[[ Recorded data open ]]

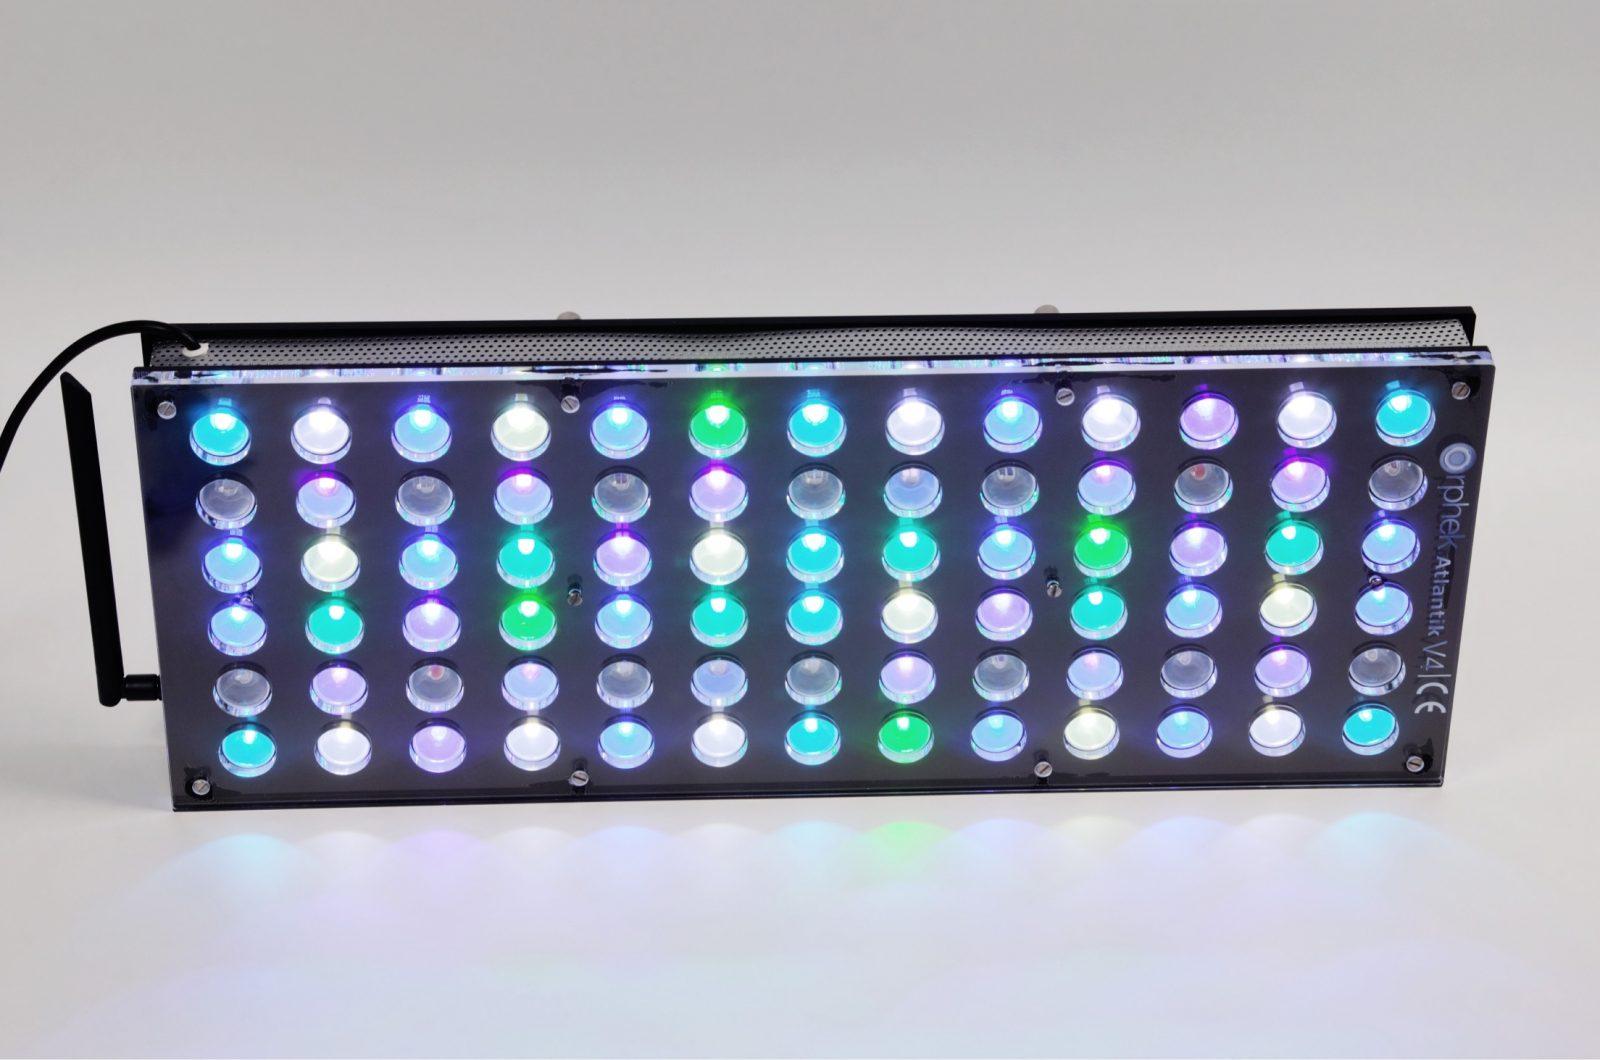 orphek atlantik v4 bedste rev akvarium LED lys 2020
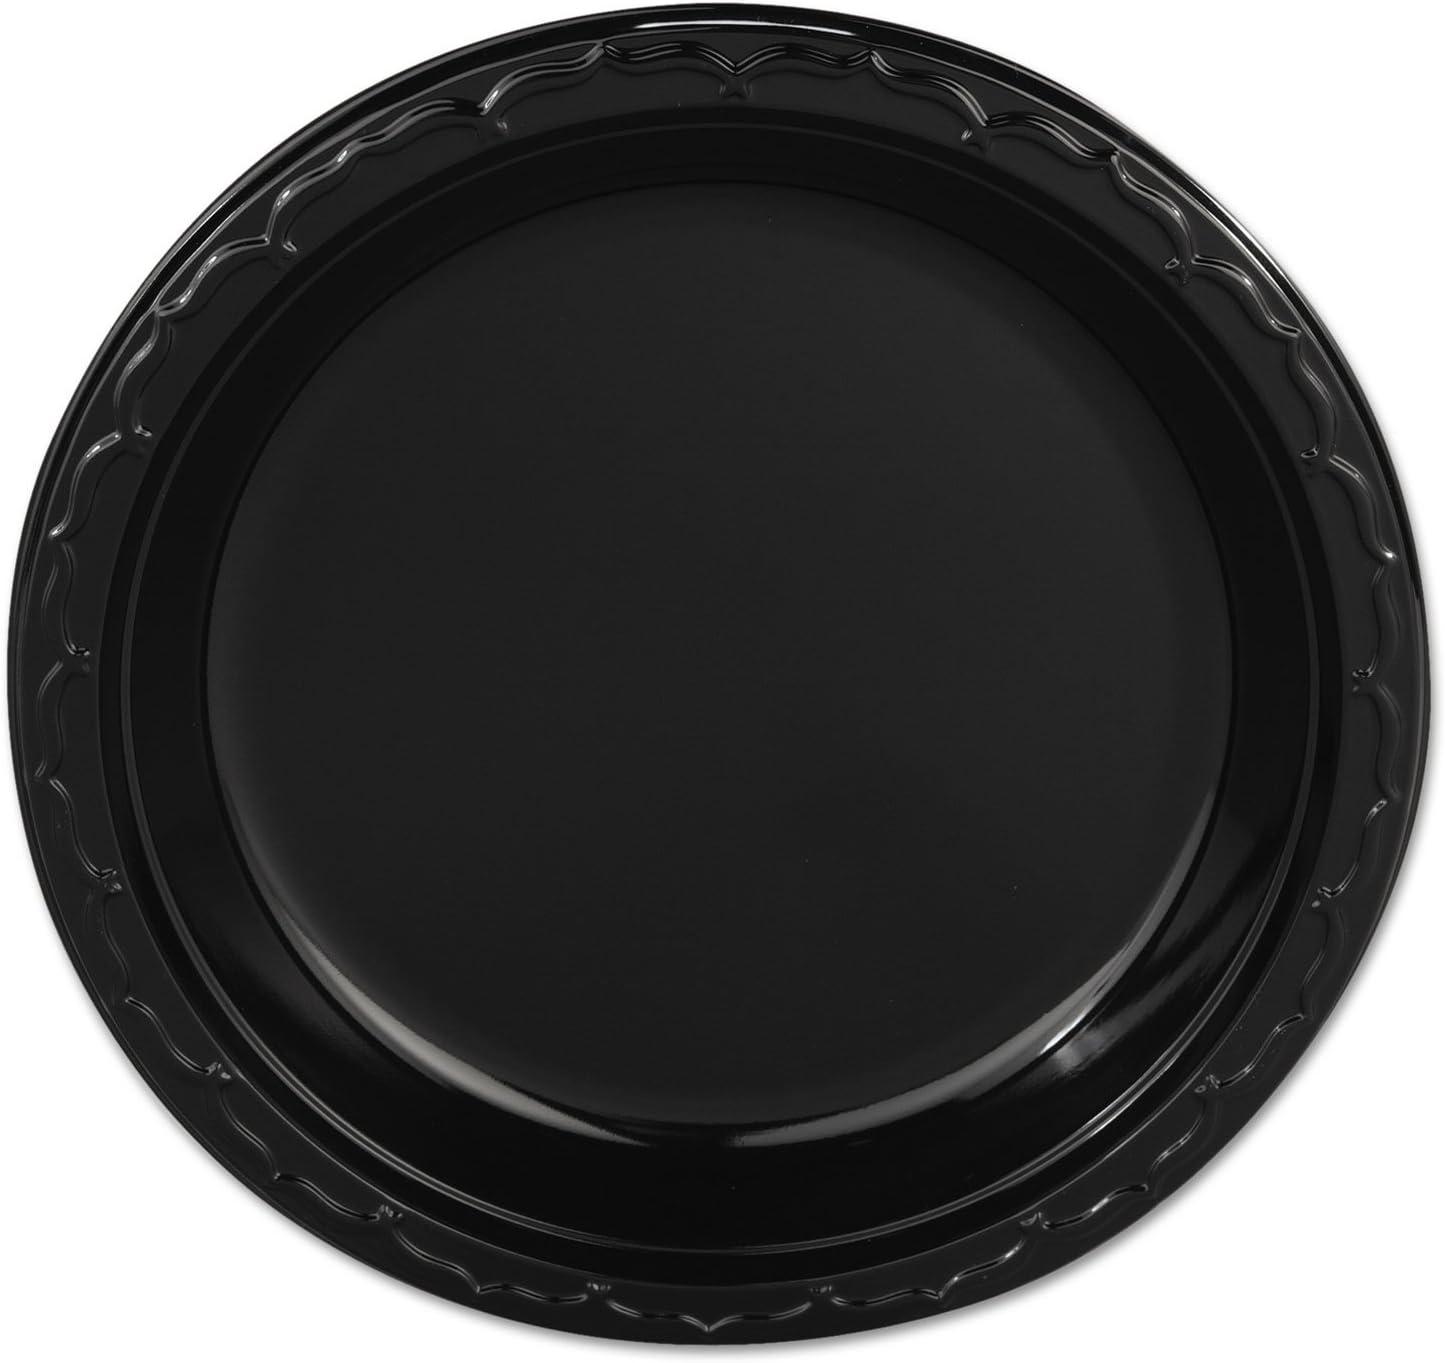 Genpak trend rank trust BLK09 Silhouette Plastic Plates 400 Carton Black 9
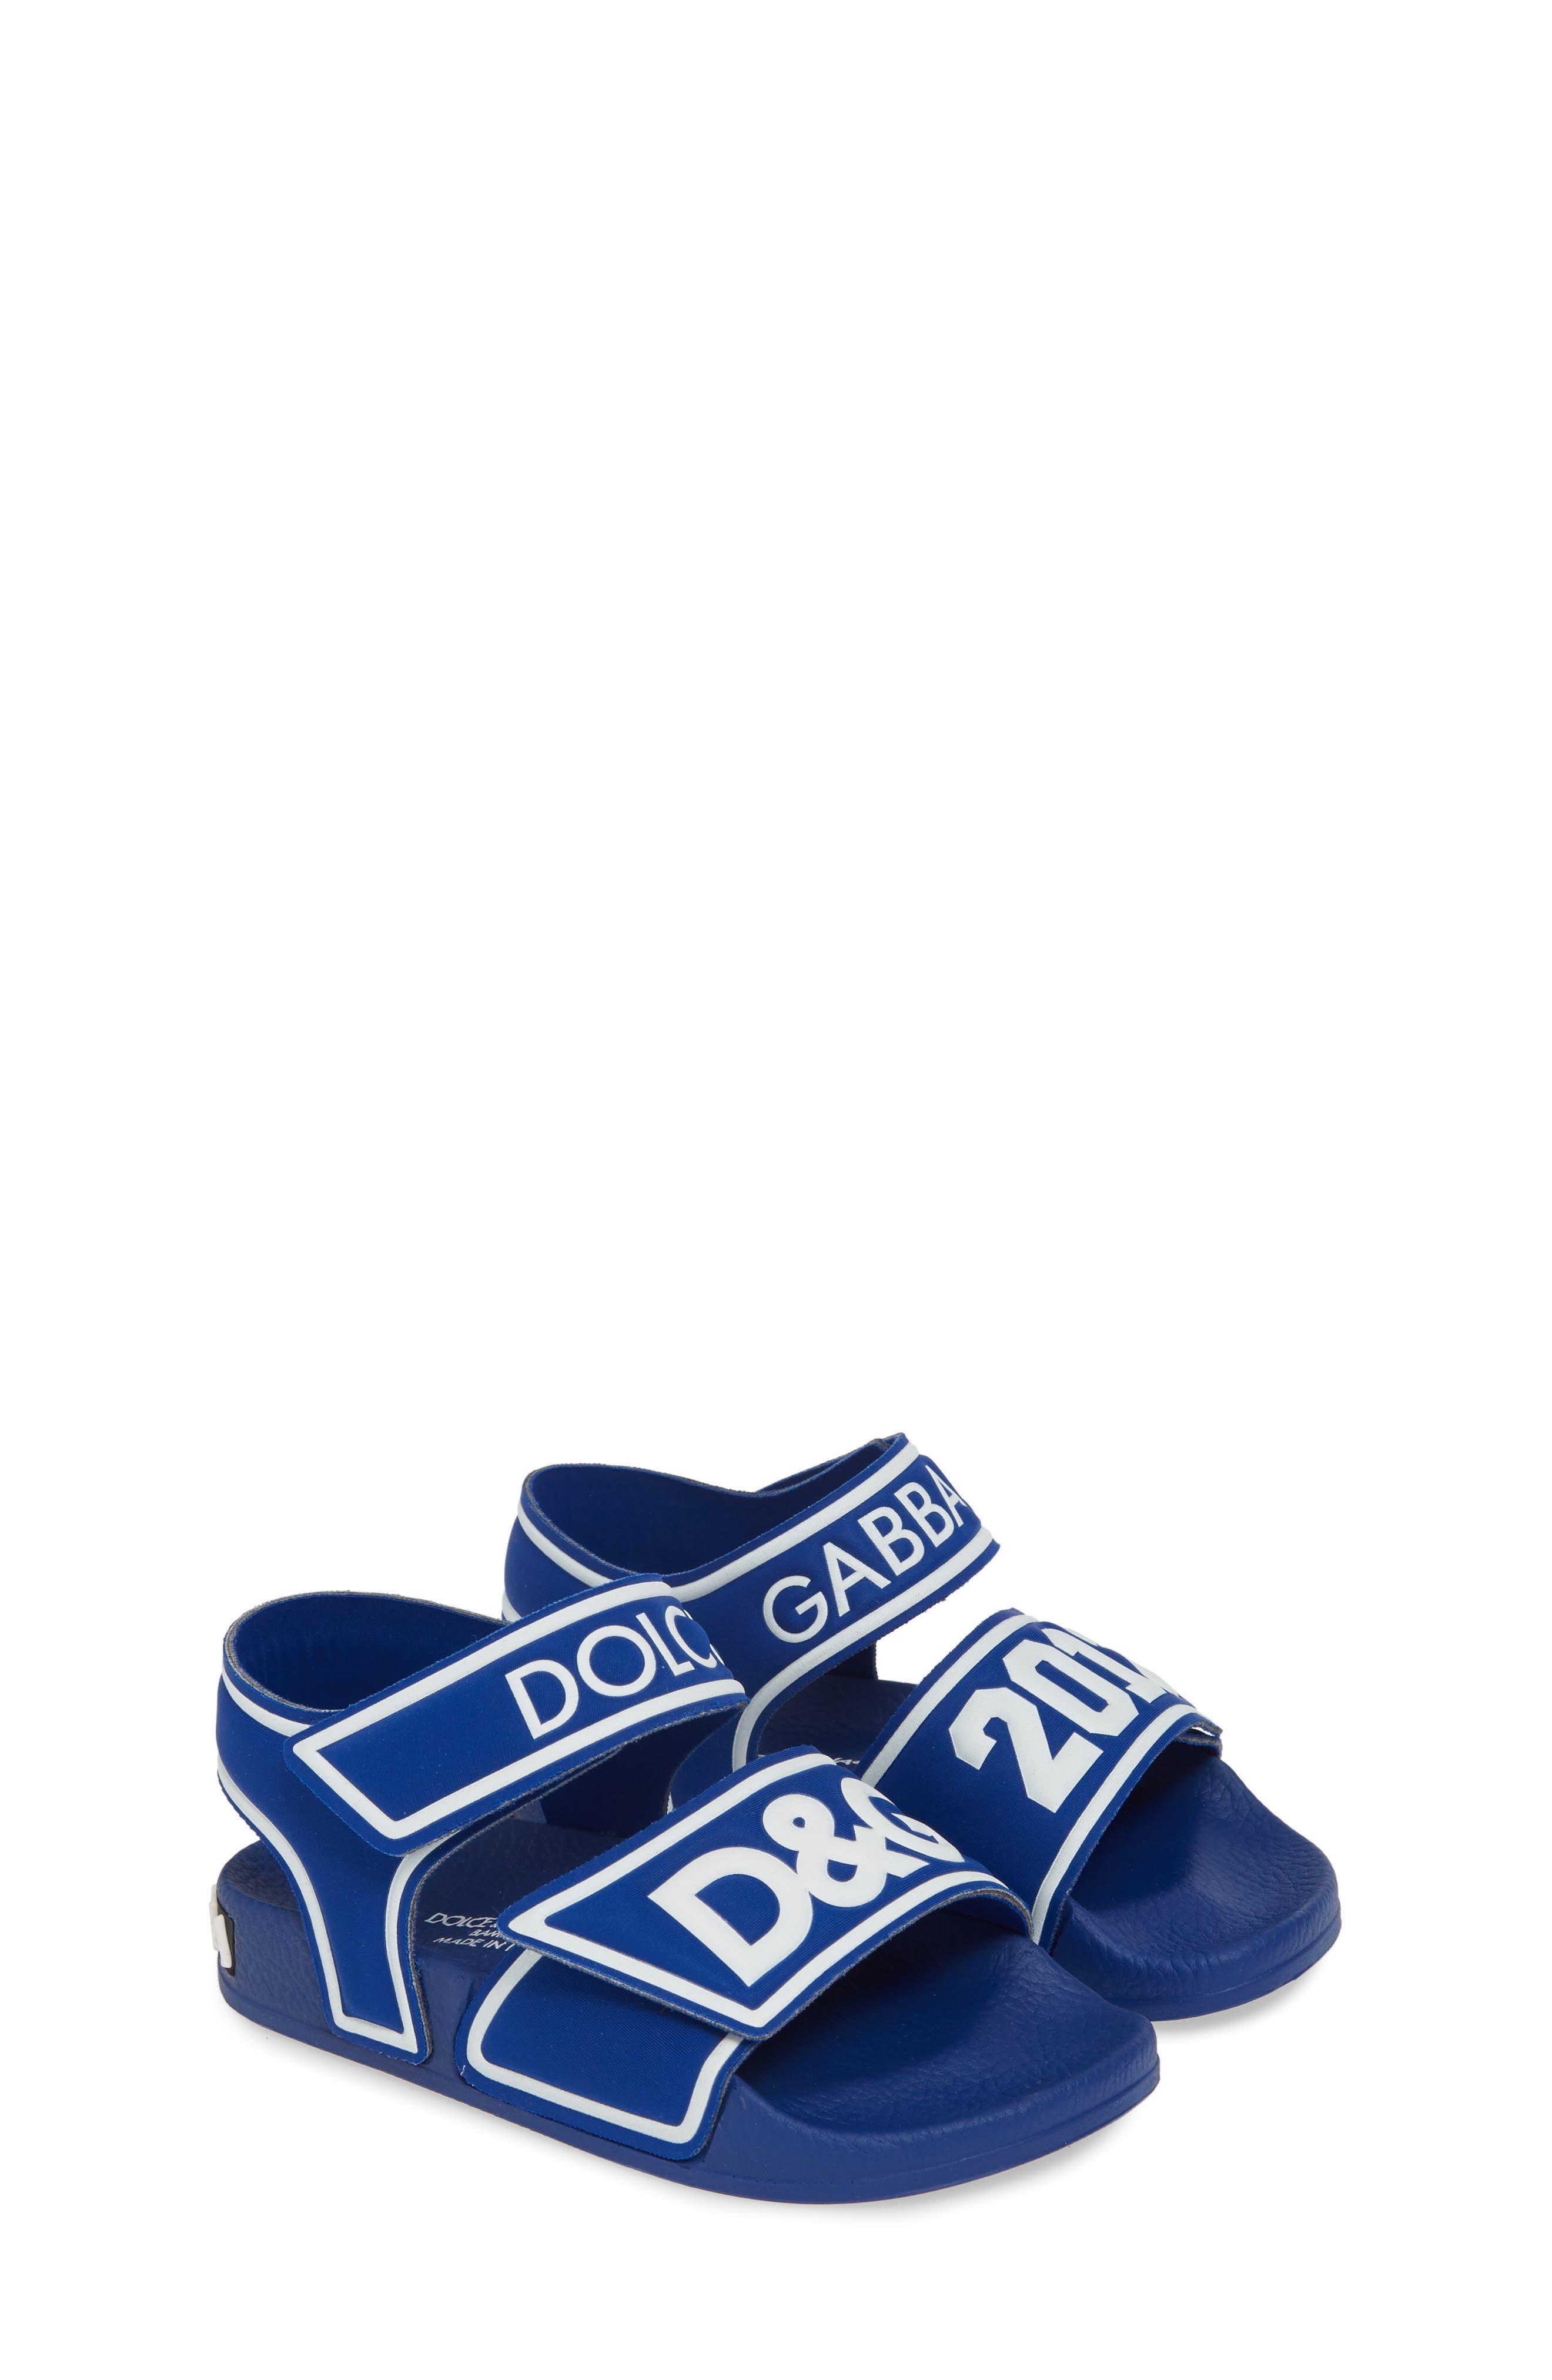 DOLCE&GABBANA, Jelly Fisherman Sandal, Alternate thumbnail 2, color, BLUE/ WHITE
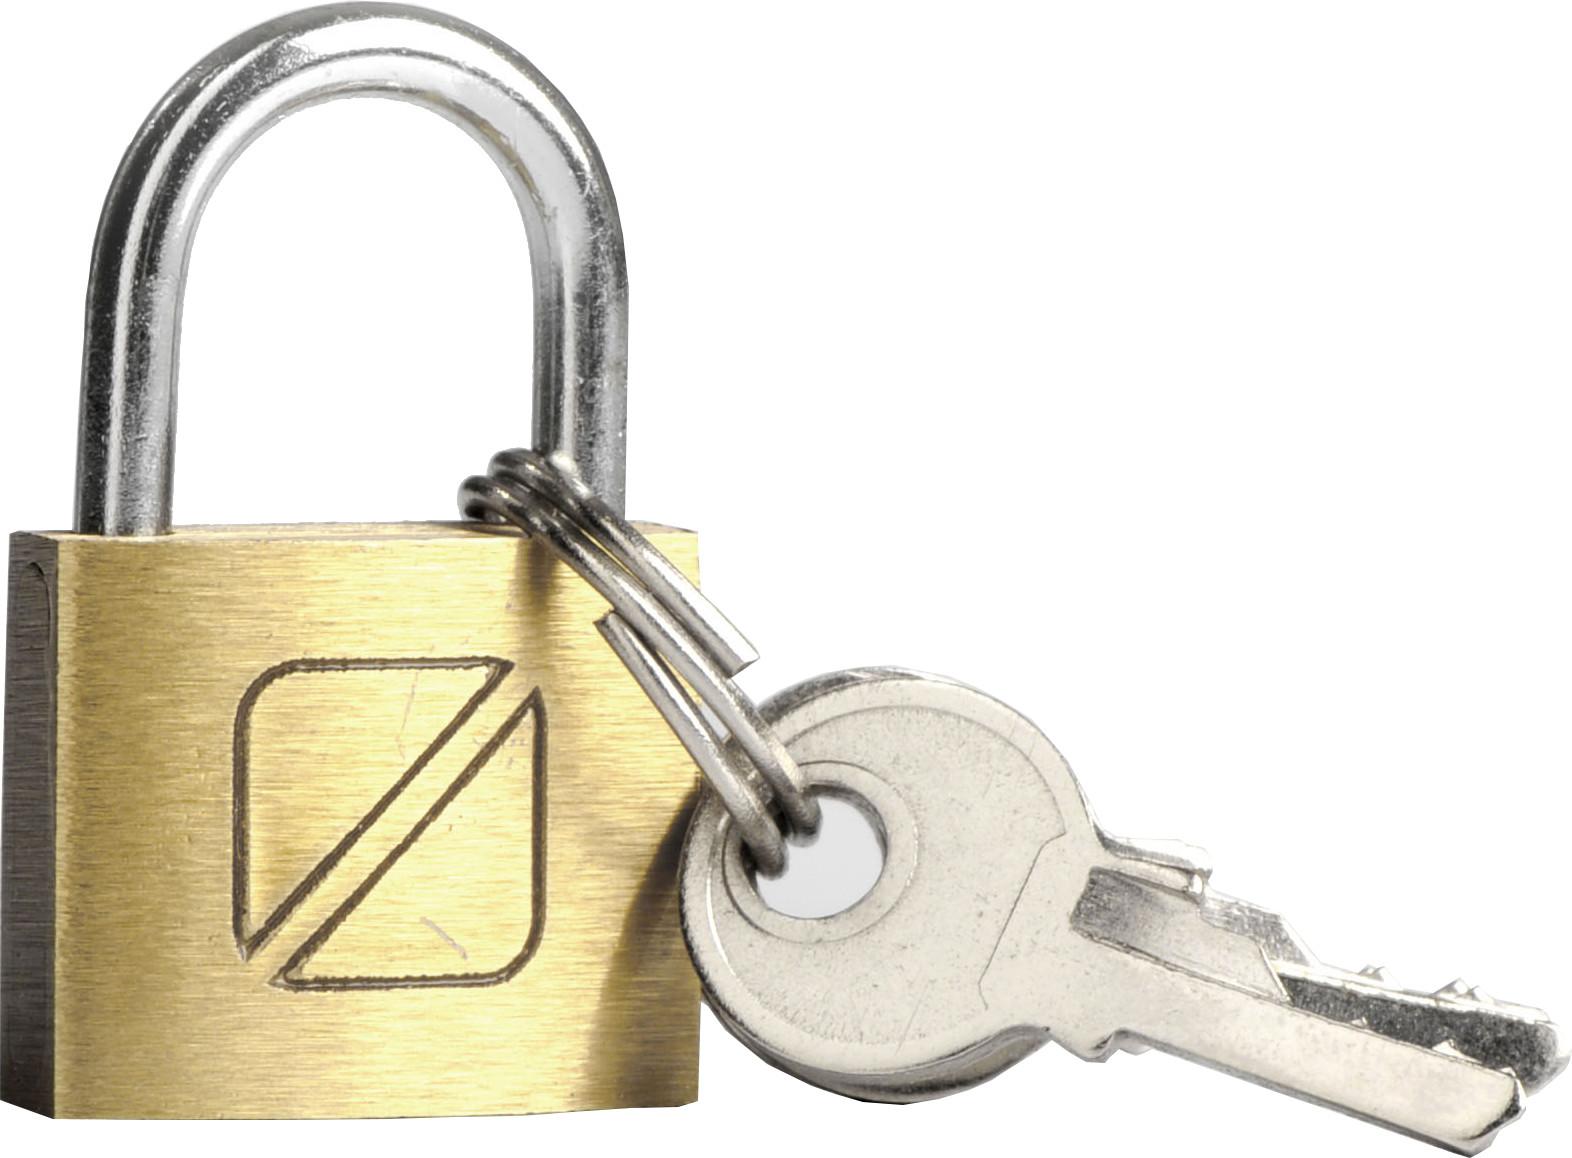 Hotel Safe Lock Straps Related Keywords & Suggestions - Hotel Safe

[[ Recorded data closed ]]

■ What the exercise asks ■
Where the line containing "Genpak trend rank" appears, begin writing out the lines word for word, and continue through the last line of the data, leaving out pictures.

■ Answer box ■
 Genpak trend rank trust BLK09 Silhouette Plastic Plates 400 Carton Black 9
 DOLCE&GABBANA, Jelly Fisherman Sandal, Alternate thumbnail 2, color, BLUE/ WHITE
 Hotel Safe Lock Straps Related Keywords & Suggestions - Hotel Safe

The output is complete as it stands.